◆ Data provided
——————
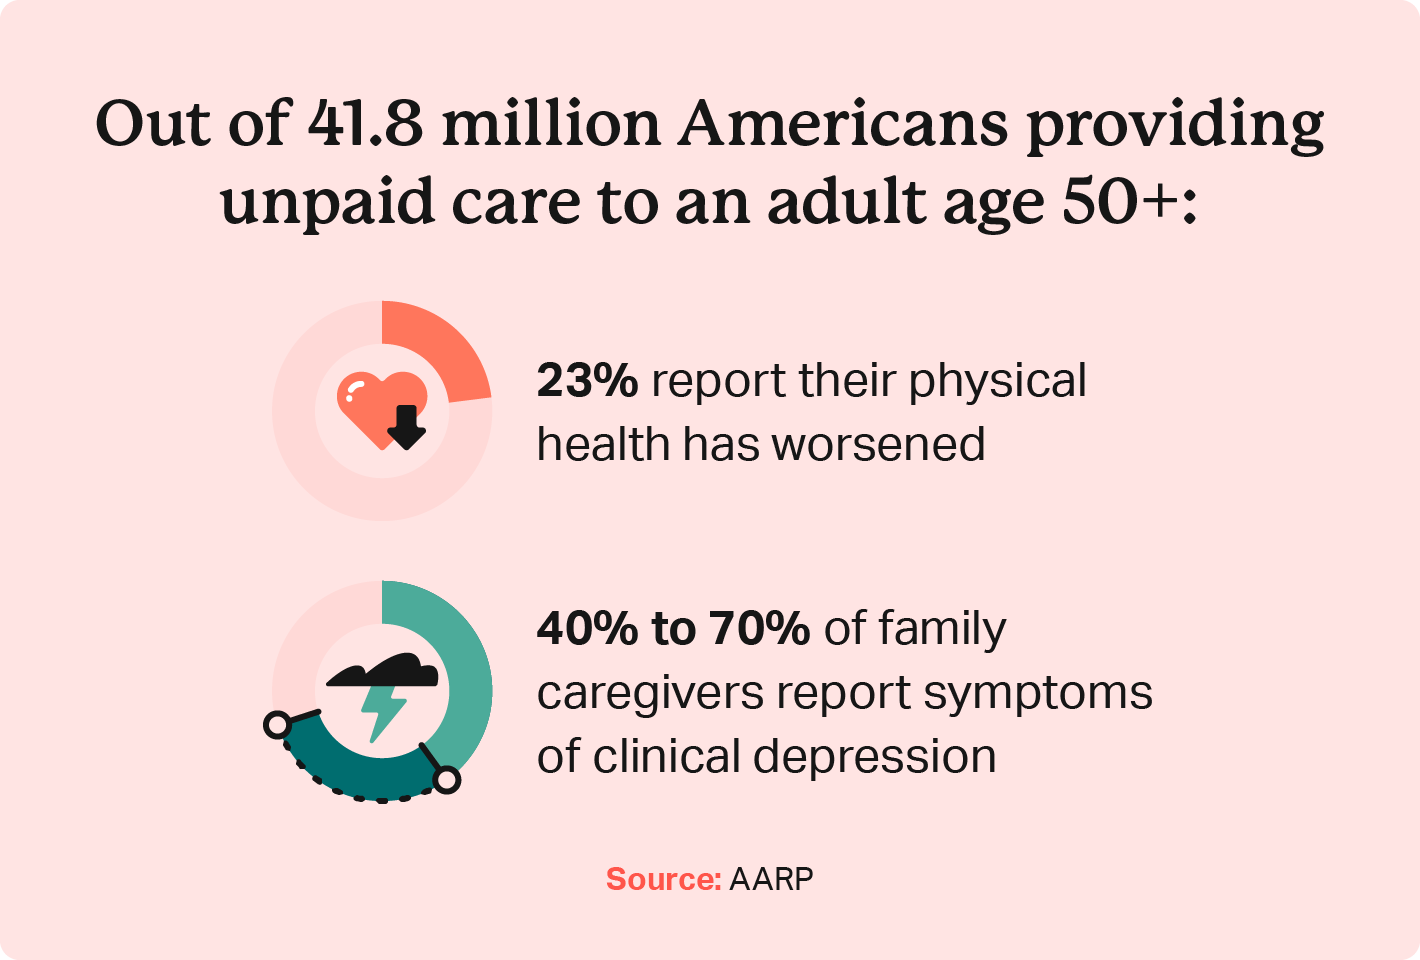 Illustration shows statistics on how many Americans provide unpaid care for seniors
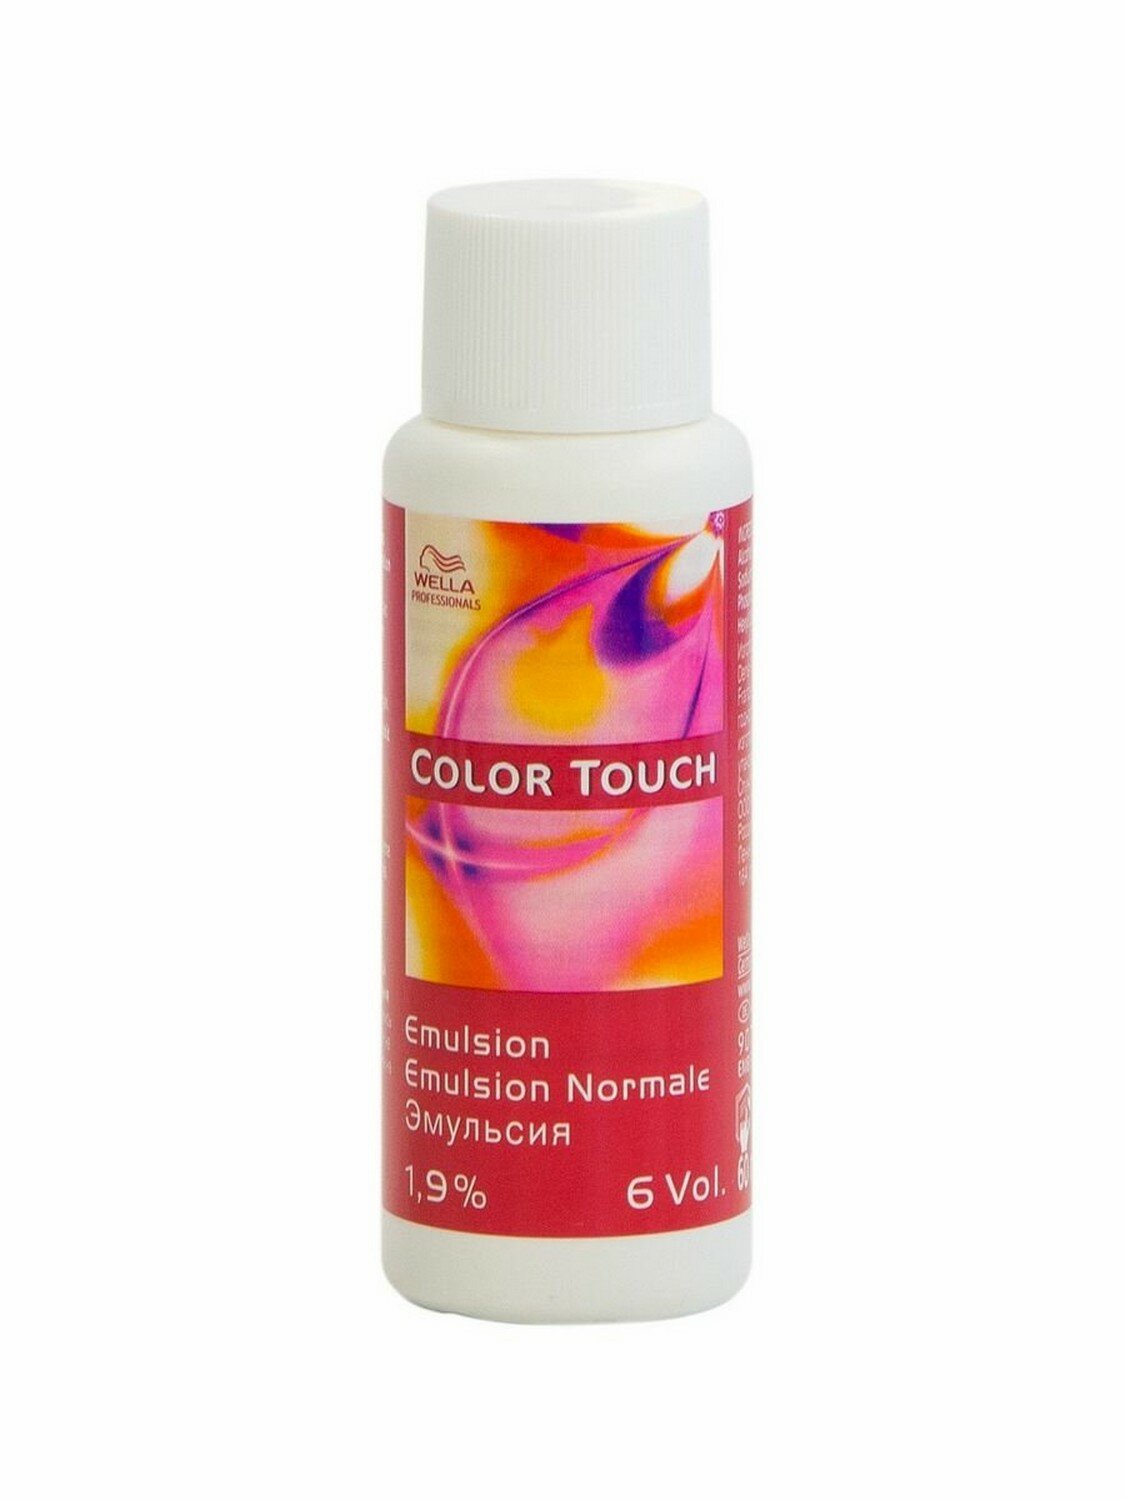 Wella Professionals Эмульсия Color Touch, 1.9%, 60 мл
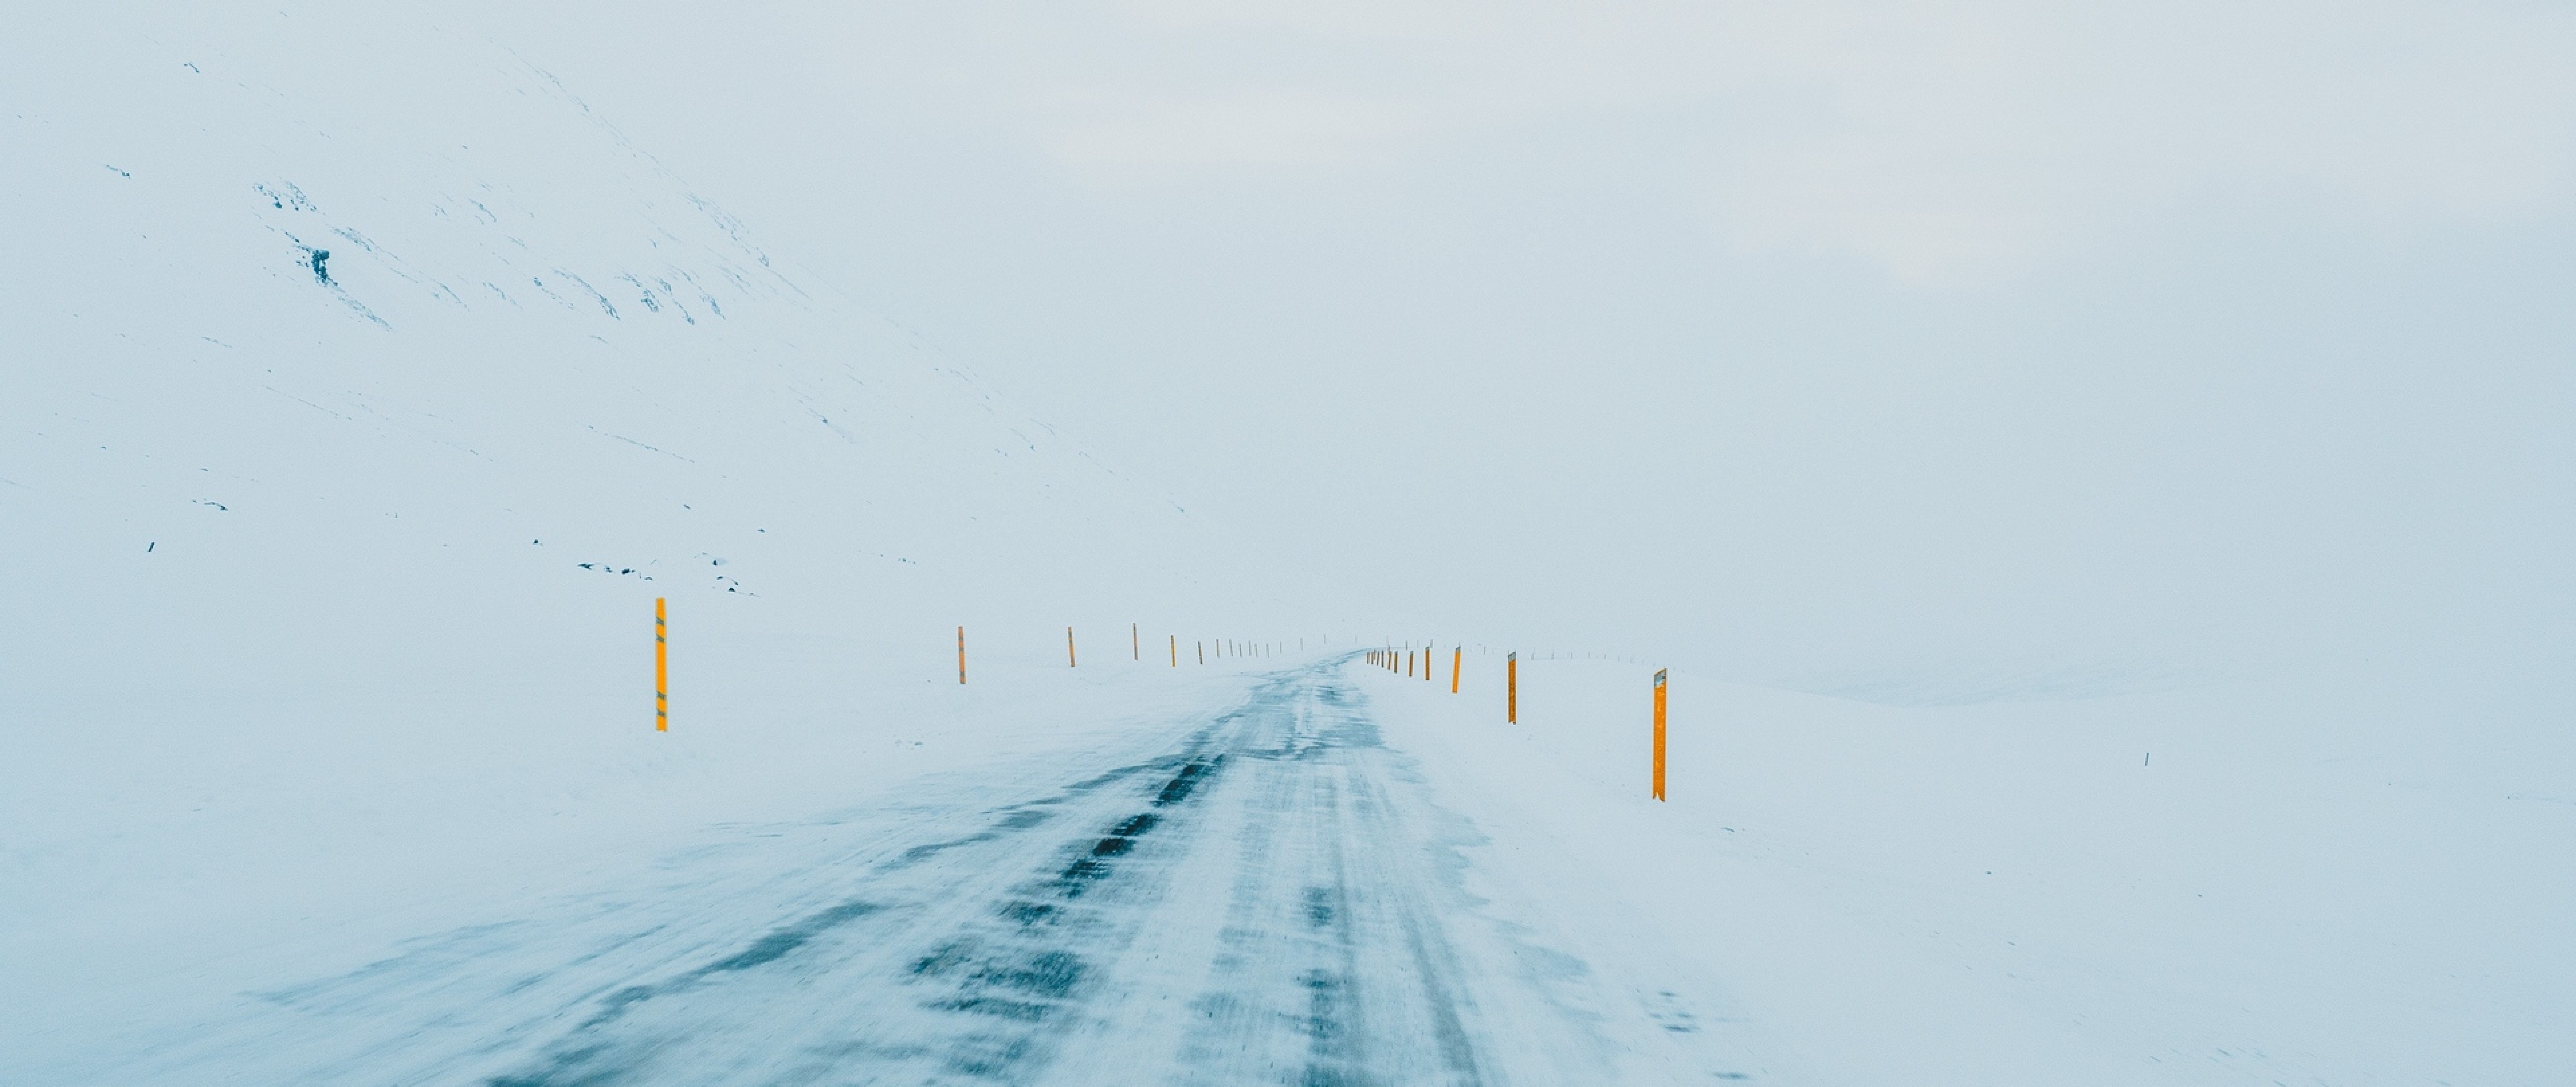 Slippery road covered in ice HD Wallpaper
——————
◆ Exercise requirements
The response should restate the material above word for word and contain no pictures.

◆ Answer space
 Illustration shows statistics on how many Americans provide unpaid care for seniors
 Wella Professionals Эмульсия Color Touch, 1.9%, 60 мл
 Slippery road covered in ice HD Wallpaper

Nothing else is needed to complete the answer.